Hello Jenny, I'm back again with another poem, but not so much on motivation although I do think we should all be motivated to help our planet survive. There has been so much written about climate change on blogs and in the news that I thought I would share this poem I wrote a few years ago, (yes 2015), lol. I would have put it in a comment on your post on Friday, but it wasn't a poetry day. I nearly sent it in when the theme was Respect, but declined as I thought it might upset some people who had suffered from a natural disaster, but as it is now a common talking point I didn't think anyone would be offended.

Retribution

When will man learn respect,
For living things big and small?
When will man leave well alone
And not interfere at all?

We've depleted the numbers,
Of wild and wonderful life.
We've done it haphazardly
With poison, gun and knife.

When will the destruction stop
Of earth and everything on it?
Who declared that we are God
And said there should be a limit?

Animals, fish. mammals and trees,
Are at our mercy day and night.
What gives us the authority?
What gives us the right?

Maybe, the natural disasters,
Of flood, earthquakes and such,
Are natures way of telling us,
"You have destroyed far too much!"

It's God's own retribution,
To teach us a lesson or two.
That only He controls all life
And it's not up to me or you.

I'm not particularly religious despite my reference.

jenny_o said...

I so agree with your sentiments, Joan. We are ruining this earth. And we have done it so quickly, relatively speaking. Also, it's one thing to do it unknowingly (say, during the industrial revolution), but we know better now and we are STILL doing it.

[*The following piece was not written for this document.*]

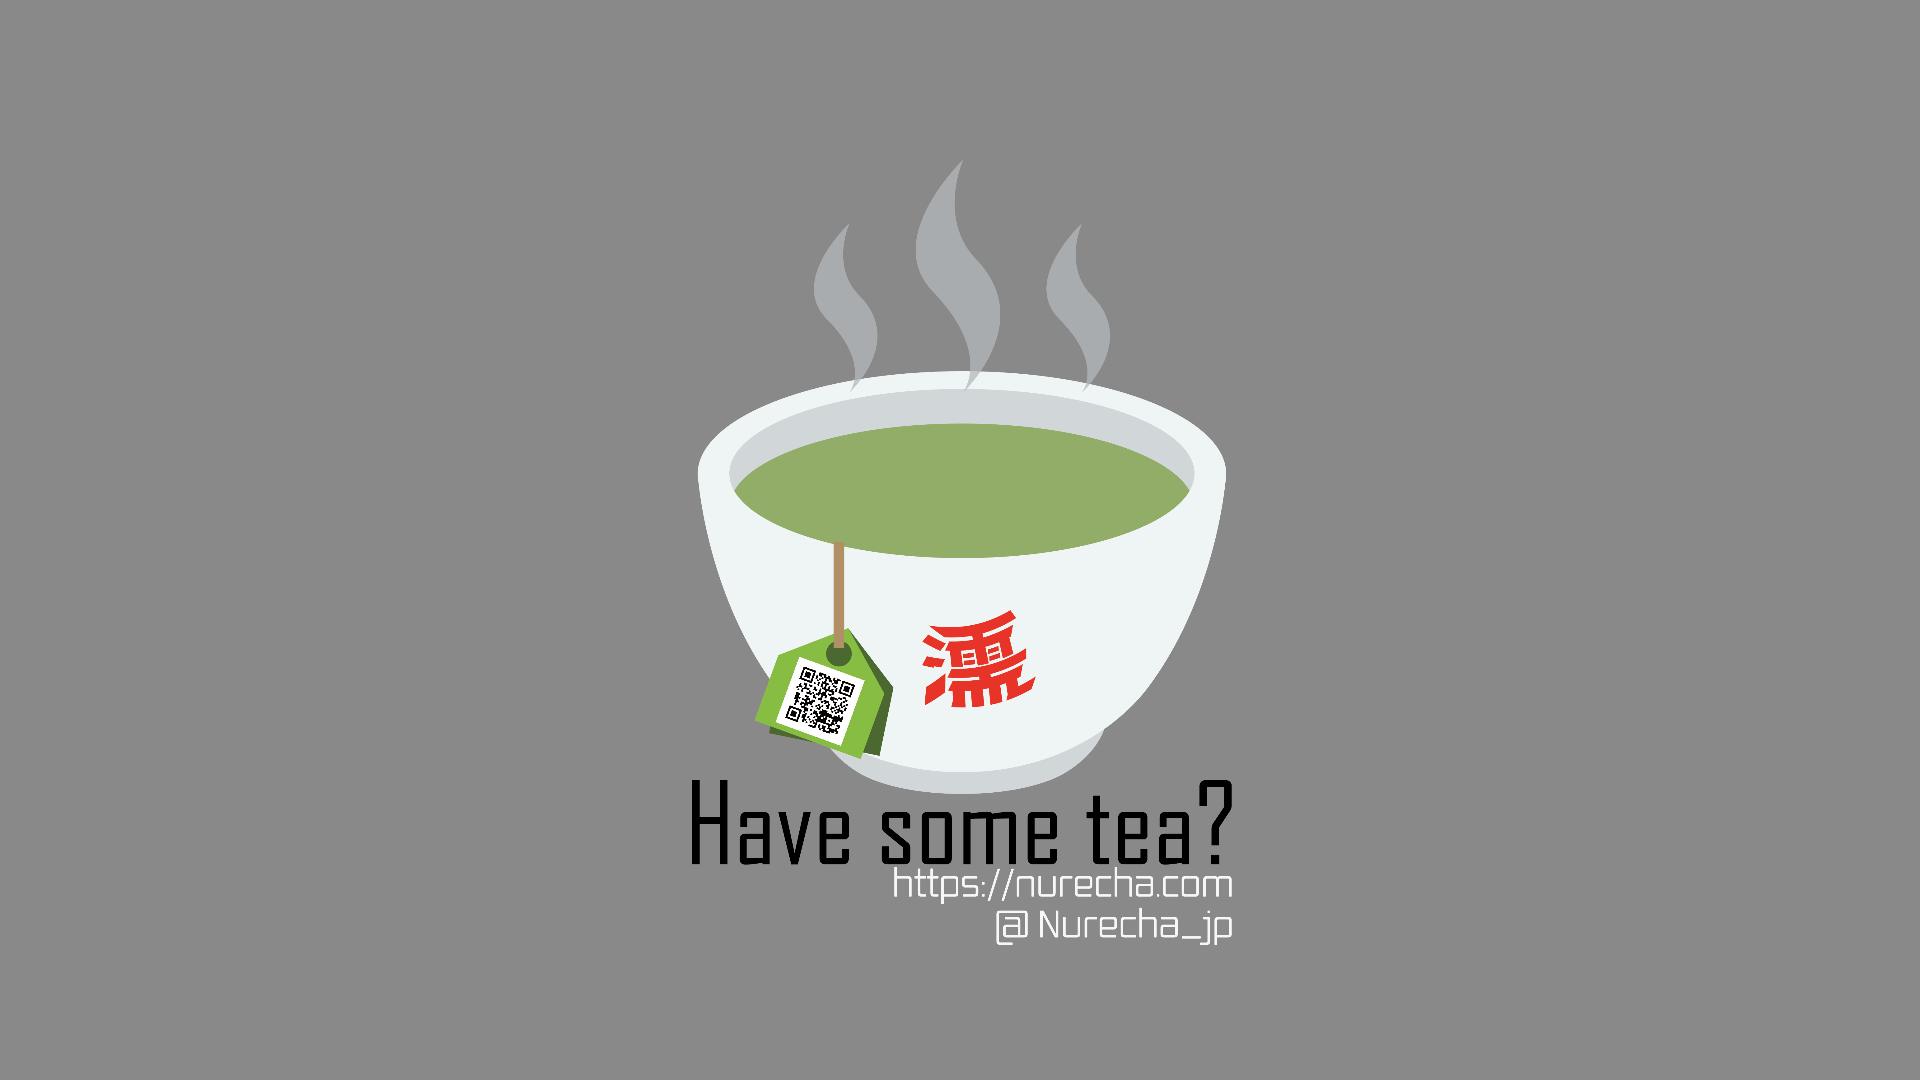 Have some tea?

Thank you for sharing this one.

Diane Henders said...

Food is my favourite carrot! (Although carrots are not my favourite food, even though I like them a lot.) The 'stick' in my case is that horrible sinking feeling I get when I realize work is piling up ever-deeper. I work very hard to avoid the stick. But sometimes when the stick gets too scary, I retreat into books (writing or reading, but especially reading as an escape). I'm craving books this week...

jenny_o said...

And it's so hard when you can't give in to that craving, isn't it? I've become very protective of my reading time!